EVALUATION OF ASSAYS TO DETECT IMMUNE-COMPLEXES AS AN IMMUNODIAGNOSTIC AID IN PATIENTS WITH MELANOMA

  • 1 January 1982
    • journal article
    • research article
    • Vol. 3  (1) , 1-12
Abstract
Sera from 211 melanoma patients were tested before and after surgery for the presence of immune complexes (i.c.) by the 125I-[complement]C1q radioimmunoassay (C1q RIA) and a nephelometric monoclonal rheumatoid factor assay (mRhF). The patients were grouped according to stage of disease and therapy. Before surgery stage III patients had a higher incidence of i.c. (26.9%) than stage II (17.5%) and stage I (6.1%) patients. The incidence of i.c. in the latter patients did not differ from that of normal controls. Stage I patients treated with BCG therapy had a higher incidence of i.c. before and after surgery to remove melanoma compared with untreated patients. The incidence of i.c. in stage I and II patients was higher in sera taken after surgical removal of tumor compared to that in sera taken before surgery. Sequential studies revealed that i.c. often appeared then disappeared prior to clinical detection of recurrences.

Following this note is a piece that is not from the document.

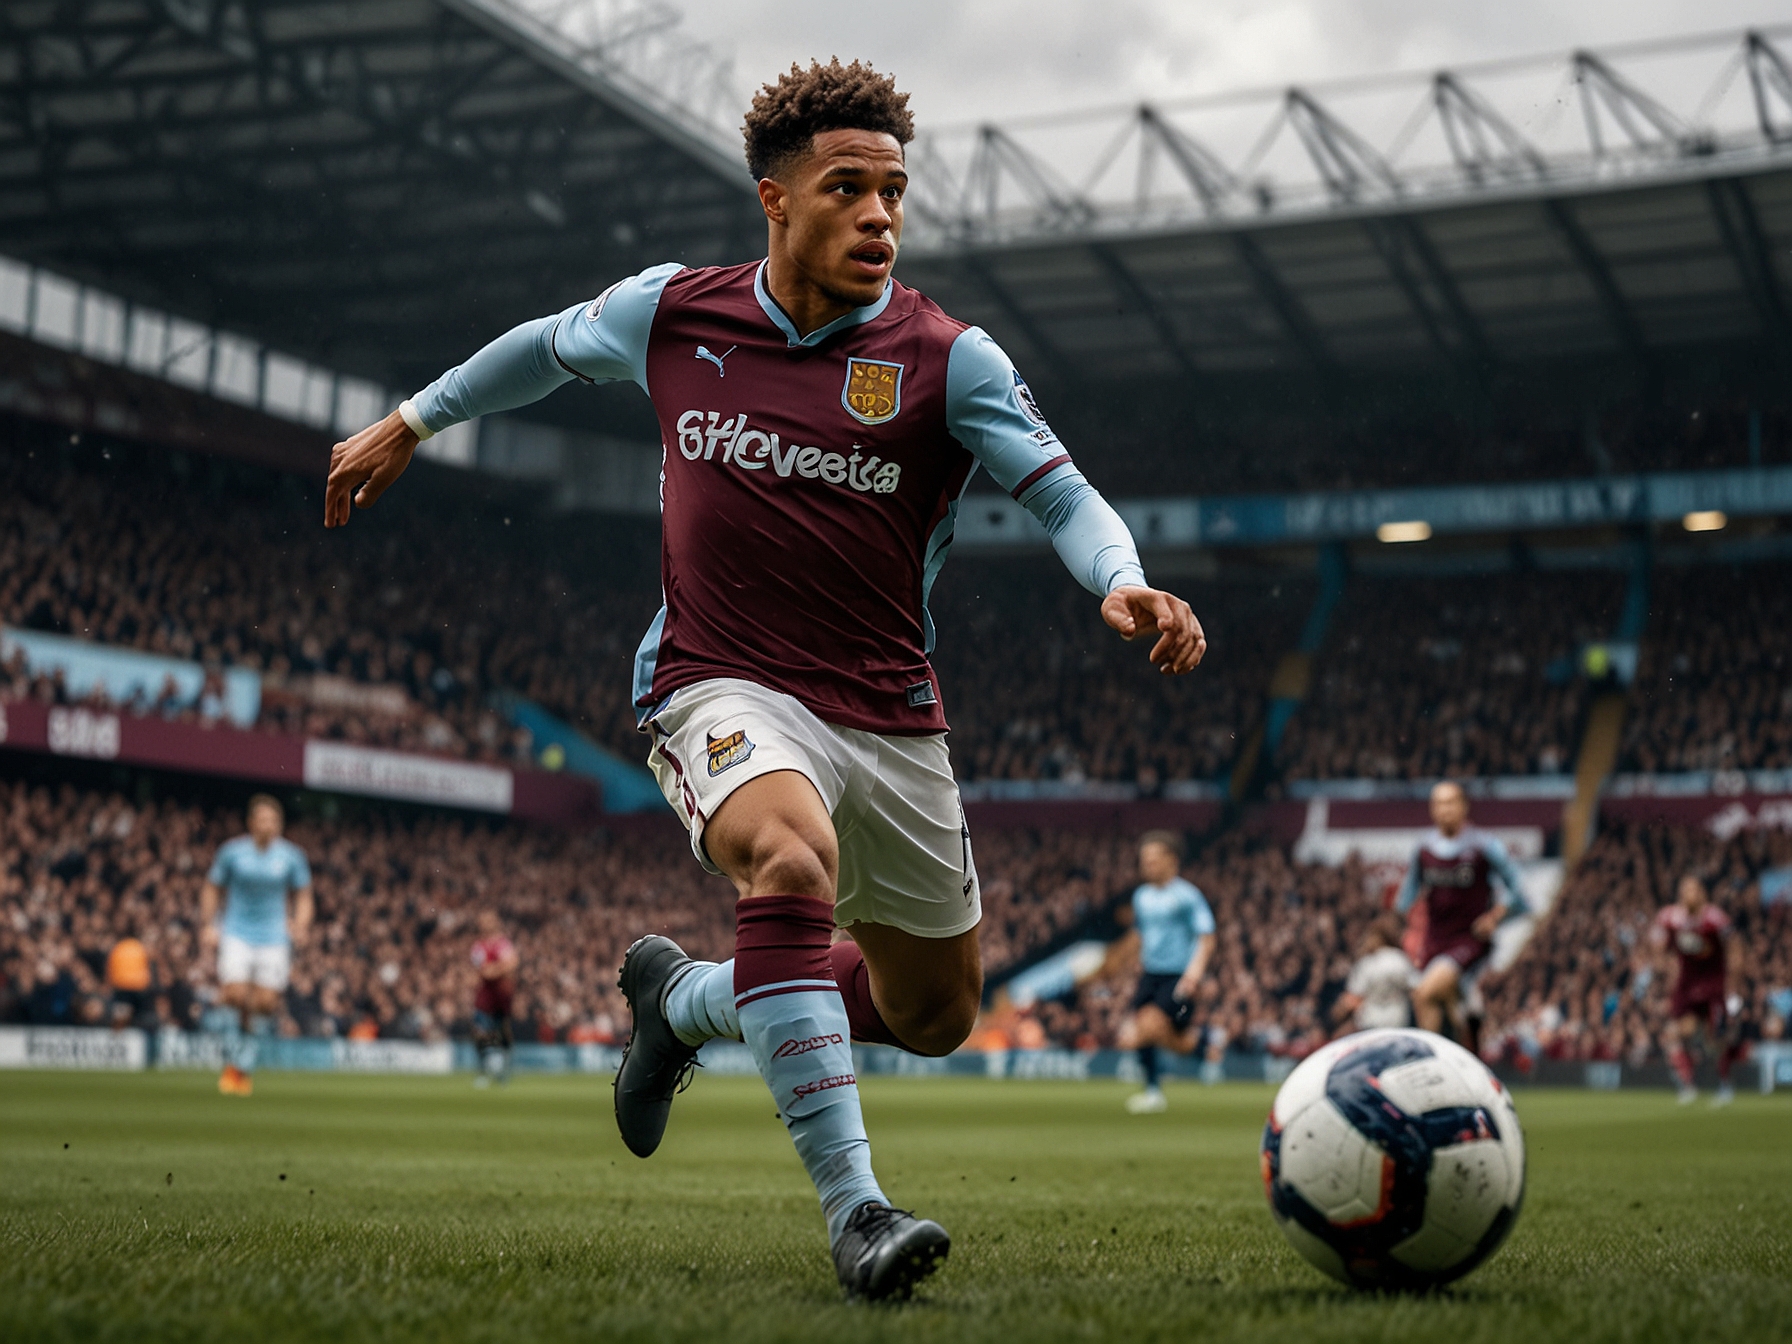 A dynamic image of Aston Villa's Omari Kellyman showcasing his agility and vision on the ball, capturing the excitement and potential impact of his upcoming transfer.

These results suggested that antigen excess was a frequent cause for failure to detect i.c. A prospective evaluation of the usefulness of assays for i.c. to monitor disease activity in melanoma patients was conducted. In some individual patients detection of i.c. was a prelude to recurrence from melanoma but the high false negative rate and the presence of elevated i.c. levels unrelated to recurrent tumor suggested that these assays would be of limited diagnostic value in the management of melanoma.